__RECORDED DATA__
-- -- --

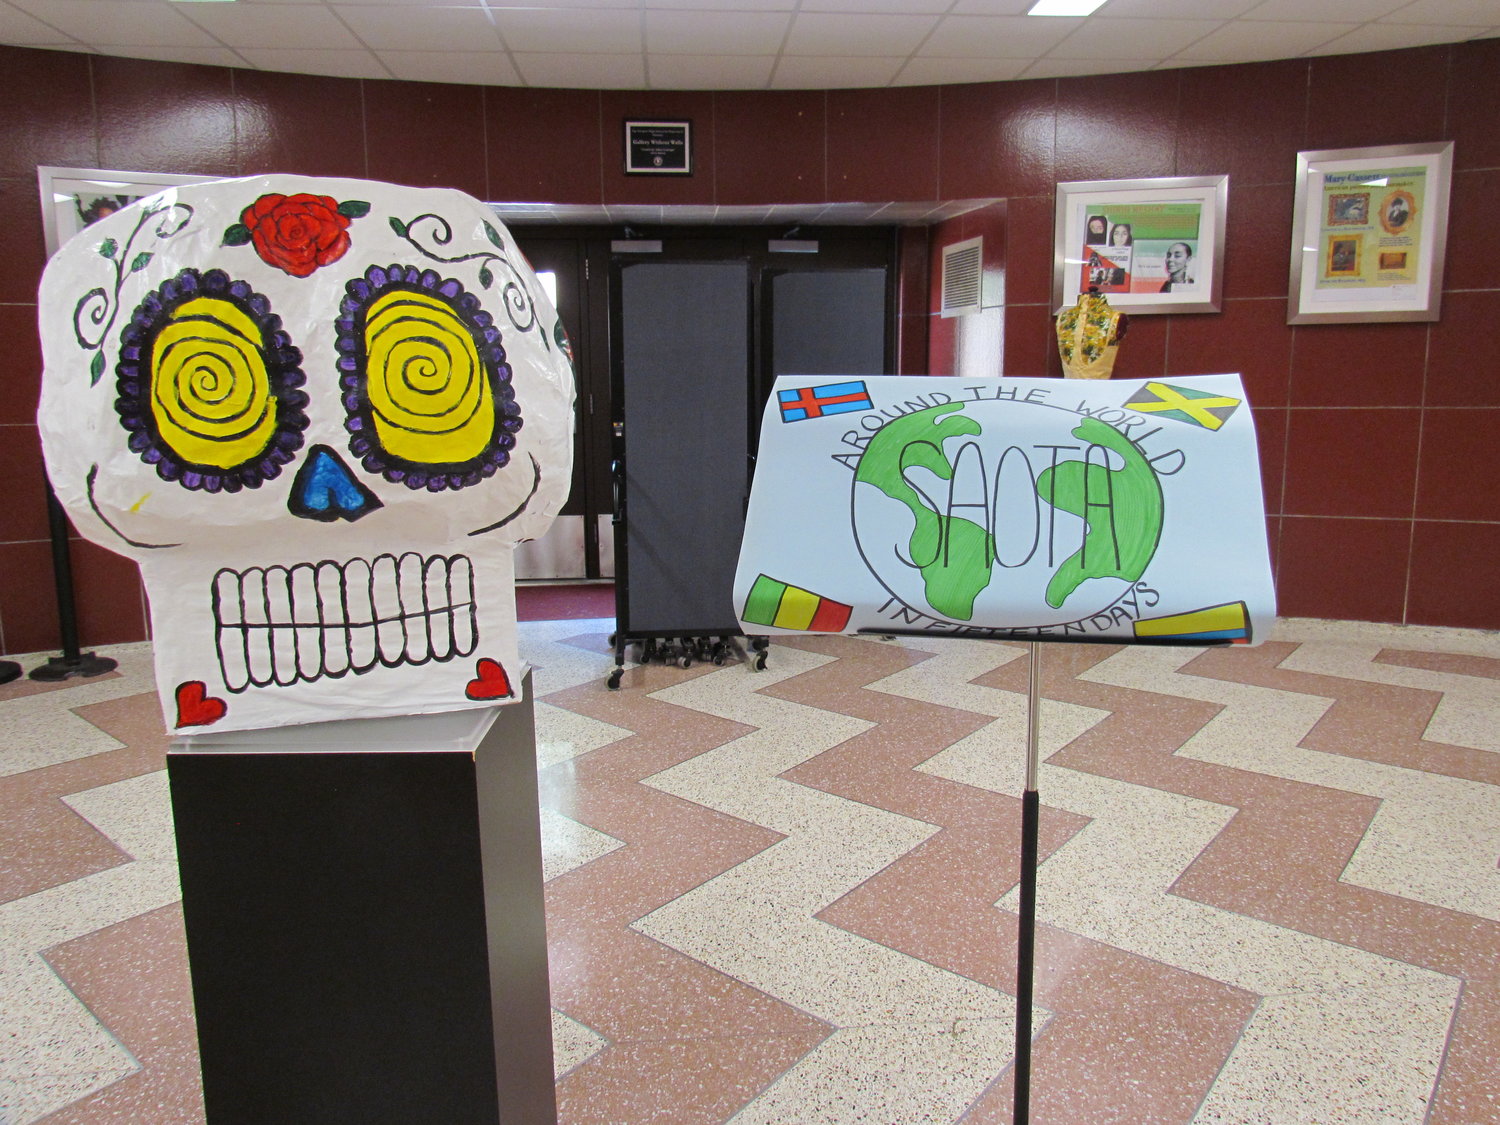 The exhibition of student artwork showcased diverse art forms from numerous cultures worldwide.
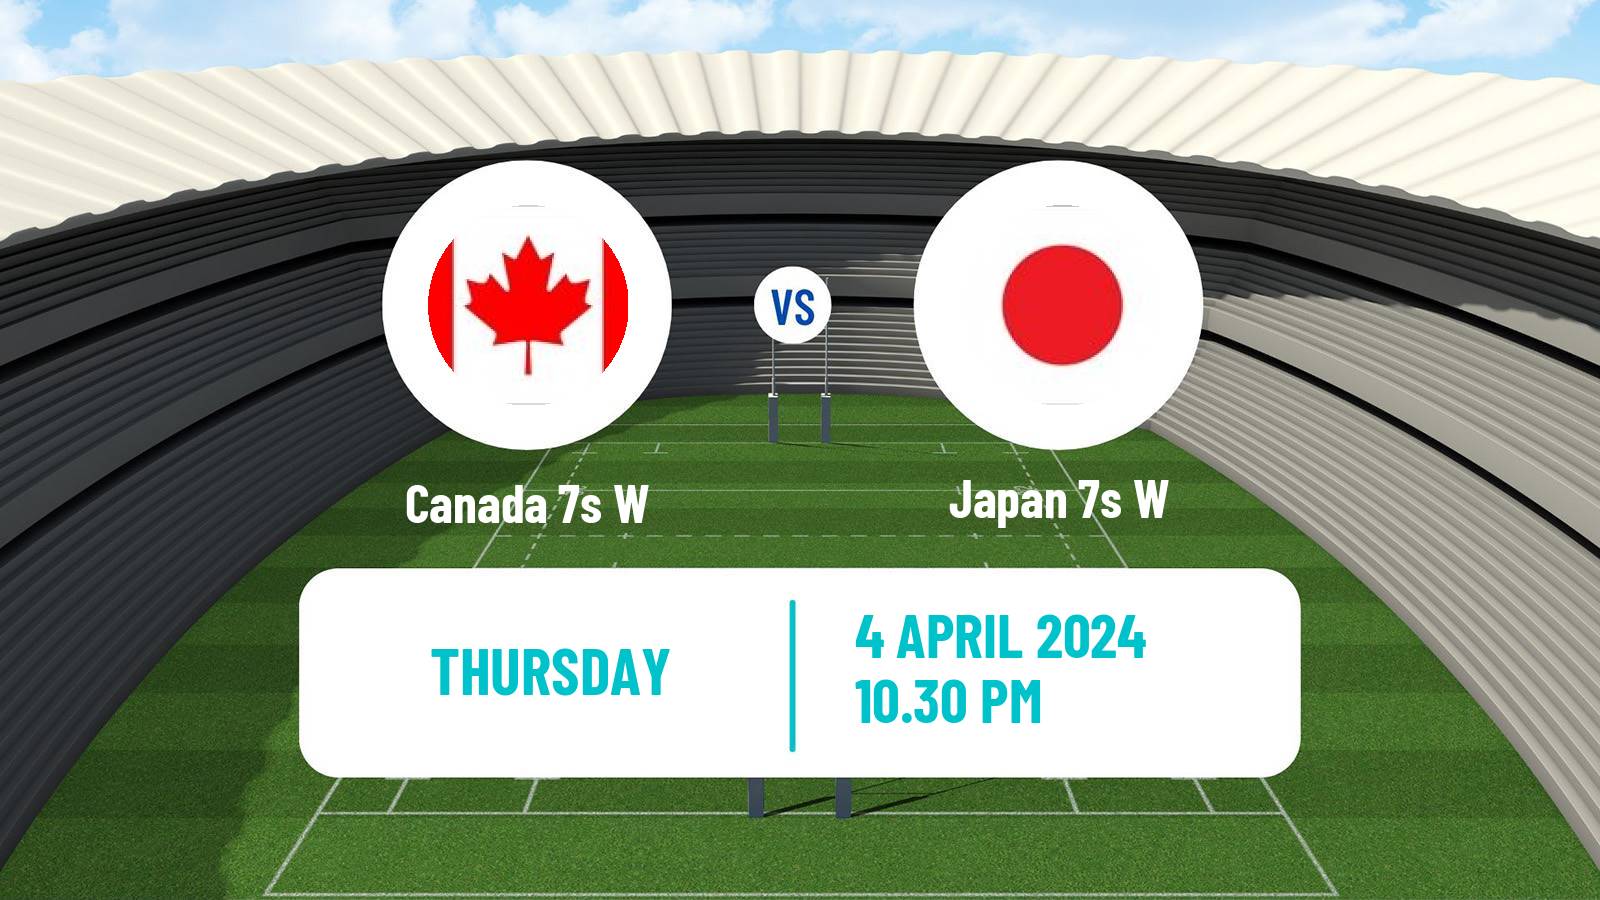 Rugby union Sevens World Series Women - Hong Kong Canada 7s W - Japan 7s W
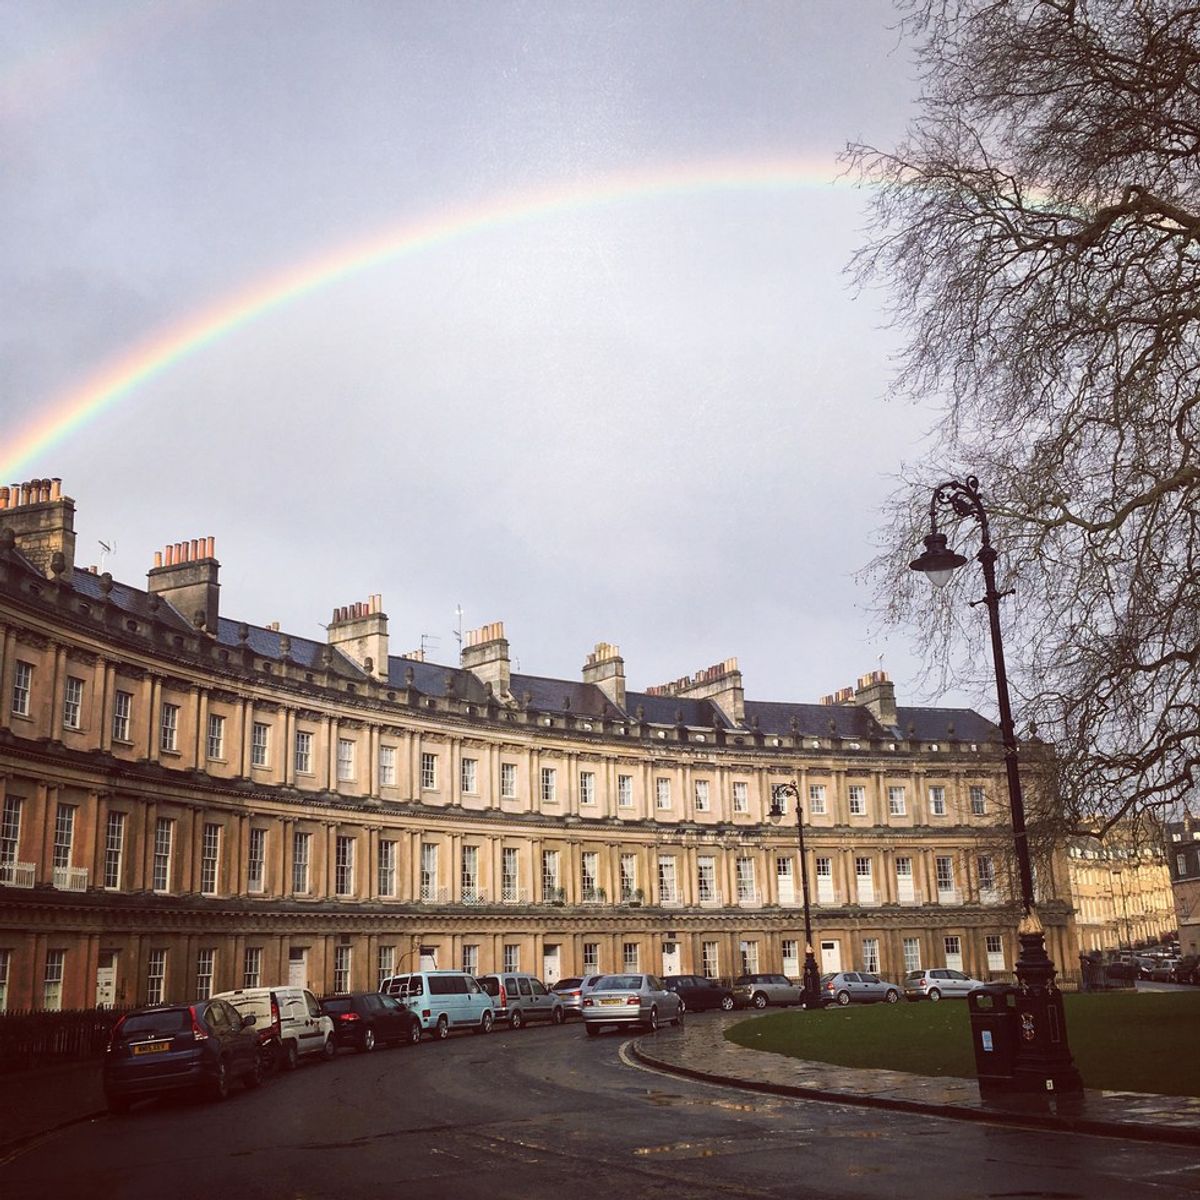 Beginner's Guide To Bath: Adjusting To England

-- -- --

__WORK ORDER__
Here the requirement is to restate exactly the line holding "Rugby union Sevens" and every later line through the end of the material, omitting pictures.

__TASK OUTPUT__
 Rugby union Sevens World Series Women - Hong Kong Canada 7s W - Japan 7s W
 Beginner's Guide To Bath: Adjusting To England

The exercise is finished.